The pandemic has brought an immense struggle to people and specially to social organizations. More than ever, we need to help people with mental health disabilities and that is exactly what Diane Dupuy has been doing for the last 46 years.
Diane Dupuy is the Founder and President of the international acclaimed black light theatre company, Famous People Players. Her life was dedicated to bringing integration to every part of the world. This week, Diane Dupuy told us all about her story and her company on Here’s The Thing, available on Camões Tv.
Manuel DaCosta: Famous People Players is the only black lighted theatre in Canada and the performers are adults with development disabilities. How did it all start?
Diane Dupuy: Prior to 1974, the year that Famous People Players was founded, I volunteered in an institution for people with mental disabilities. These people were locked away in institutions and were not allowed to be integrated into society. It mortified me to see the living conditions, it was depressing. Me, being a creative person, I wanted to do something and after a vast research and contact with a specialist, I realized that if we integrated them in the community, they would ‘normalize themselves’ as they would see how to behave. When they are only involved with people that have the same problems, they will imitate that behavior.
I believed in normalization and that it was possible through the black light technic. People are dressed in black, from head to toe, they are not seen on stage, but they manipulate life sized colorful puppets, all accompanied by music. At the end of the show, when they come out for their bow, everyone is clapping, and they are surprised with their capabilities.
I was approved for a three-month grant that Pierre Trudeau molded as ‘job creation’. I couldn’t fail, I had failed all my life in school. I had ADHD, at that time no one knew what that was, and it was difficult for me to stay still and concentrate.
MDC: How was the first performance?
DD: Long story short, six months after, we did a show with a life-sized puppet of Liberace – one of the world great entertainers. He was coming to Toronto to perform and he was invited to our first show. I’ll never forget, I was so nervous… He got up, went to the podium and said “This performance that I witnessed today was so beautiful, anybody that can perform and make you laugh and move you to tears in the space of seconds is truly remarkable. And I want to take them to Las Vegas to open for me… It’s not because of who you are, it’s because you move people this way and you have the right to be on stage as anybody else.”
We went to Las Vegas for two months and had stunning reviews. When we came back, I couldn’t recognize them … we were growing as individuals and gaining confidence.
After that, Maureen McTeer had this idea that Famous People Players should travel the world to perform on countries where there was no integration. We even went to Broadway.
MDC: Why did you came up with the idea of the Diner and Dream Theatre?

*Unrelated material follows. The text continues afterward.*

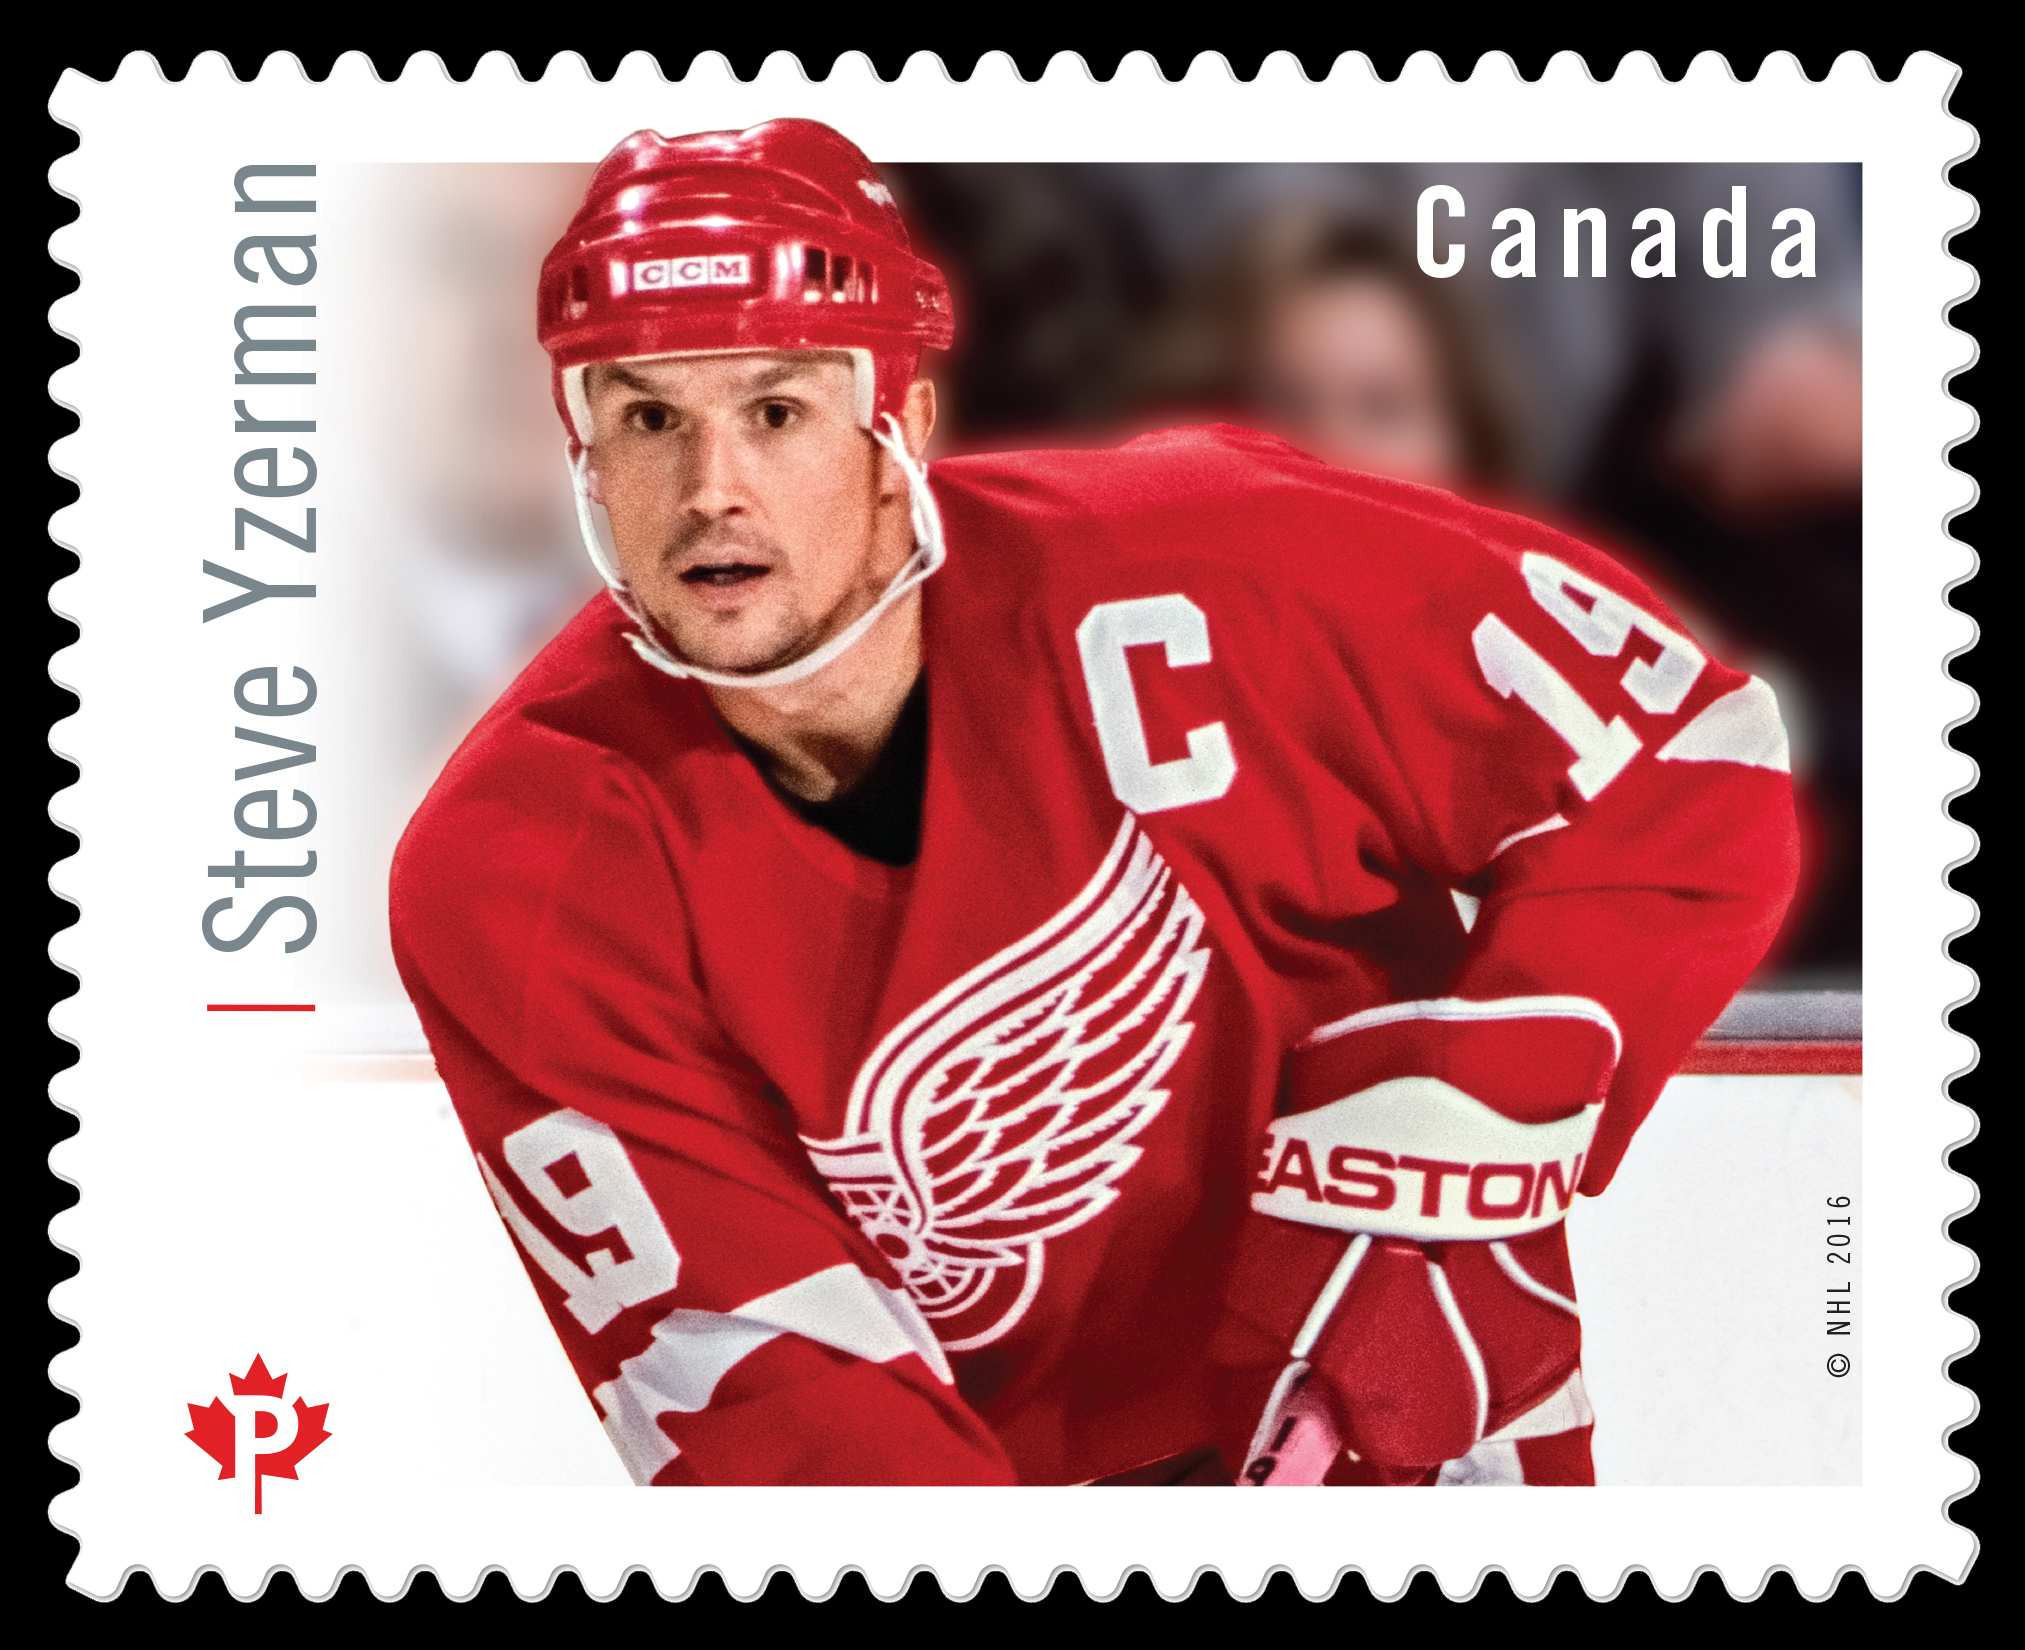 Steve Yzerman Canada Postage Stamp   Great Canadian NHL Hockey Forwards
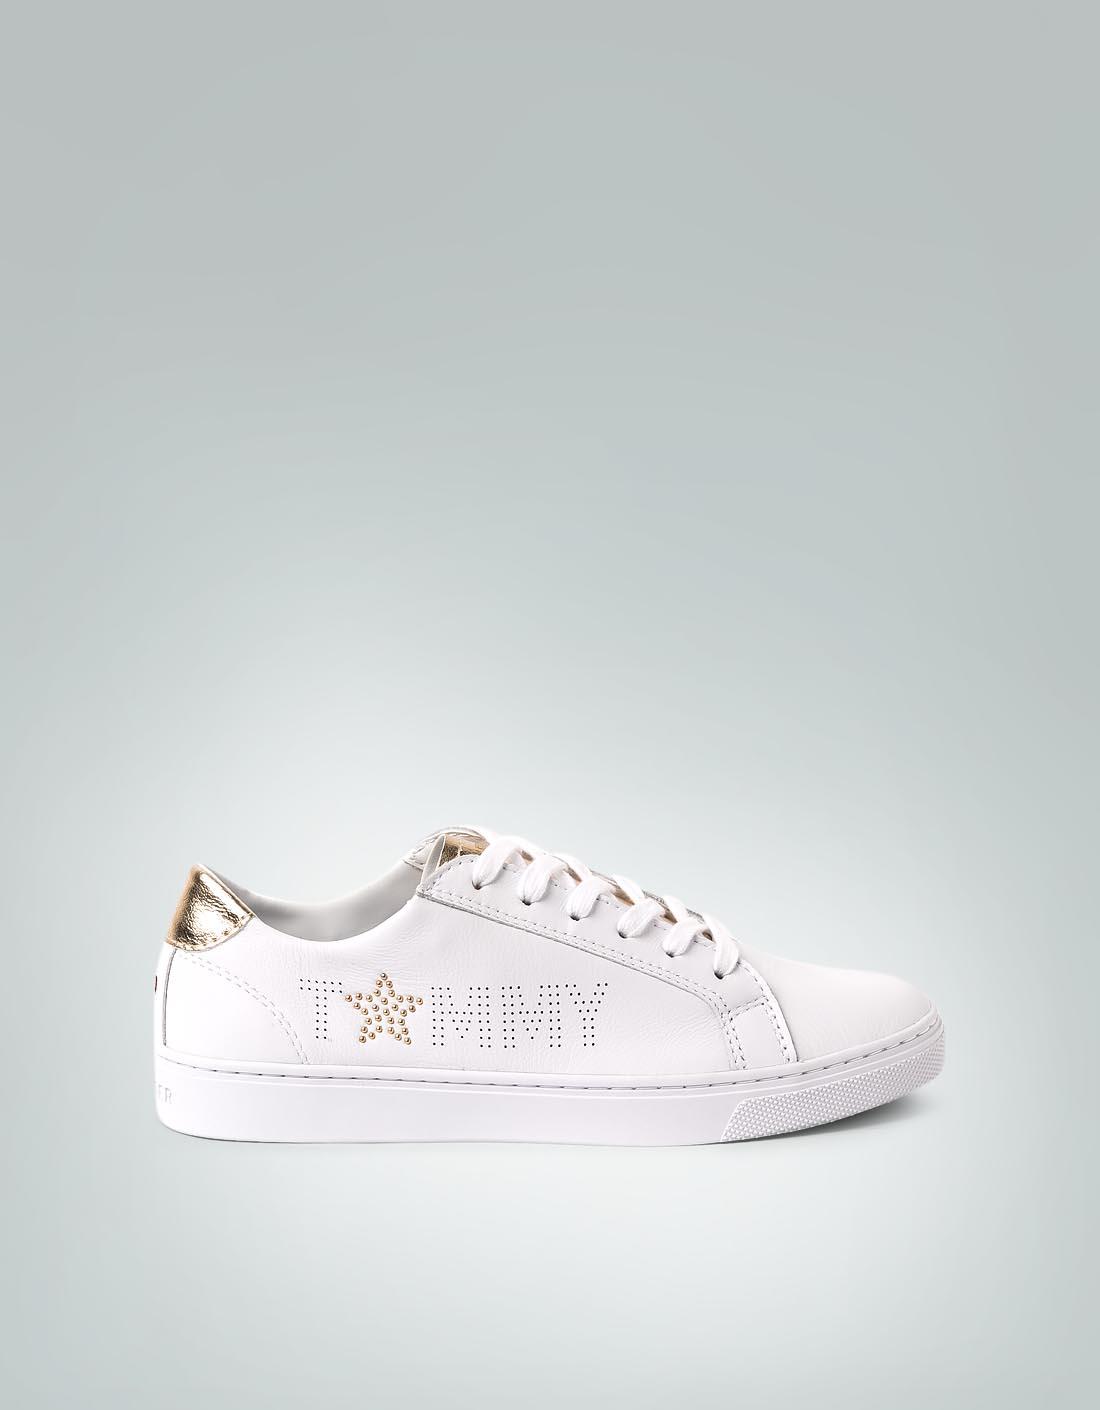 sports shoes 4412e 6e3c4 Tommy Hilfiger Damen Schuhe Sneaker mit Gold-Effekten ...

DD: As the performers were getting older, there was no place for them to go. We decided they could graduate to the restaurant where they could enhance their life skills. Paul Newman saw us on Broadway, and he gave us the money to do it. It run for 15 years in downtown Toronto until we had to leave due to a condo development. We ended up here on 343 Evans Avenue, in Etobicoke.
MDC: Tells us more about your Educational Program.
DD: Masters of Imaginations and Entrepreneurship. We want you to create something that will make this world a better place. It worked like MasterChef, we had three juris from different sectors. Their biggest challenge was with finances because they didn’t know how to save their money.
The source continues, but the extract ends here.